Eenvoudige gemeenschappen
Vast staat dat tussen partijen een eenvoudige gemeenschap bestaat met betrekking tot de volgende vermogensbestanddelen:
De echtelijke woning en de daaraan gekoppelde hypothecaire geldlening bij ING;
Inboedel;
Bankrekening en/of bij ING, [rekeningnummer] .
Ad. 1 De echtelijke woning en hypothecaire geldlening
Vast staat dat de echtelijke woning is verkocht voor een verkoopprijs van € 350.000,- en op 4 januari 2016 is geleverd aan een derde. Voorts staat vast dat de hypothecaire geldlening in totaal € 277.000,- bedroeg. Tussen partijen is niet in geschil (behoudens de vergoedingsvordering die hierna wordt besproken) dat ieder van partijen de helft toekomt van de verkoopopbrengst minus de hypothecaire geldlening en overige kosten verbonden aan de verkoop van de woning. De rechtbank hoeft hierover derhalve verder geen beslissing te nemen.
Ad. 2 Inboedel
Ter zitting is naar aanleiding van de door de vrouw ingediende inboedellijst gebleken dat partijen overeenstemming hebben over de verdeling van de inboedel. Daarbij komt dat de vrouw ter zitting voorts heeft erkend dat ook de man via het laten opknappen en verbouwen van het pand heeft geïnvesteerd in de woning aan de [adres] en dat de bij de verkoop van die woning gerealiseerde overwaarde ook hem gedeeltelijk toekomt en niet alleen de vrouw.

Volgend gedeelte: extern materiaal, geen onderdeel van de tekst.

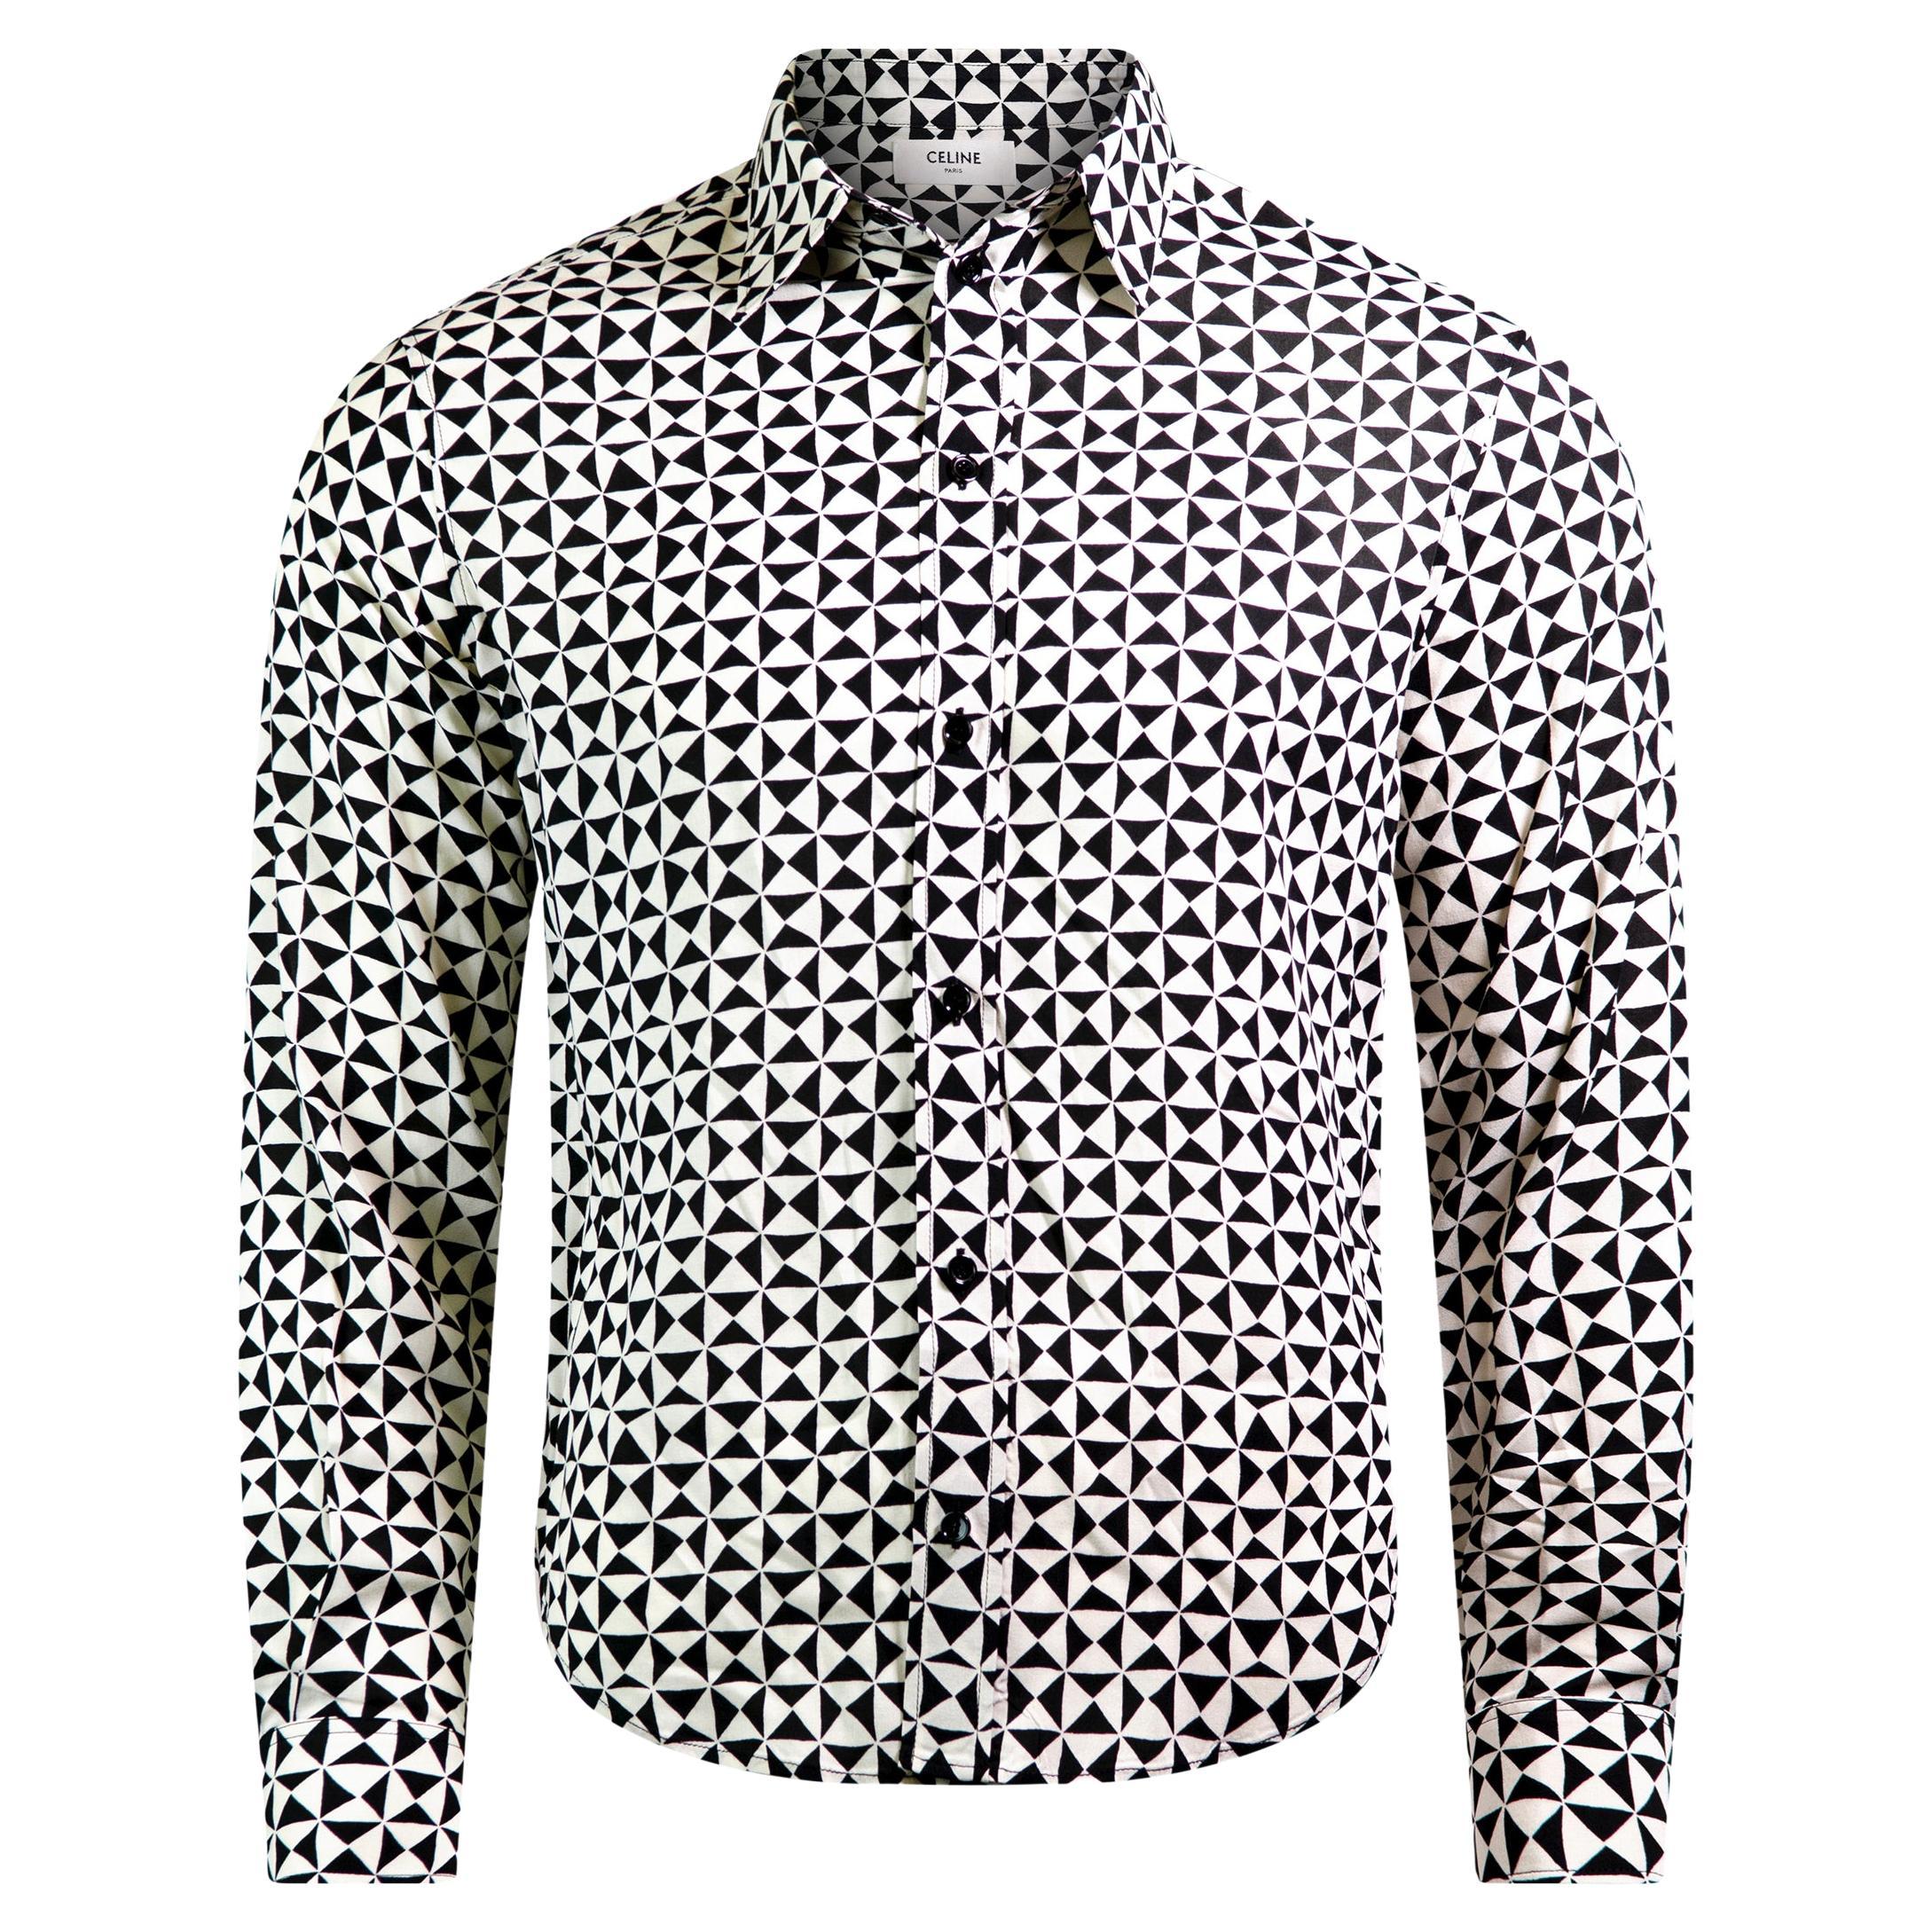 CELINE BY HEDI SLIMANE 70''s inspiriertes monochromes Hemd im Angebot

Concluderend aangaande de verdeling van de eenvoudige gemeenschap
De eenvoudige gemeenschap tussen partijen wordt als volgt verdeeld.
Aan de man komt toe:
  • helft toekomt van de verkoopopbrengst minus de hypothecaire geldlening en overige kosten verbonden aan de verkoop van de woning;
  • € 587,- ter zake de verdeling van het saldo op de bankrekening bij ING [rekeningnummer] .
Aan de vrouw komt toe:
  • helft toekomt van de verkoopopbrengst minus de hypothecaire geldlening en overige kosten verbonden aan de verkoop van de woning;
  • € 587,- ter zake de verdeling van het saldo op de bankrekening bij ING [rekeningnummer] .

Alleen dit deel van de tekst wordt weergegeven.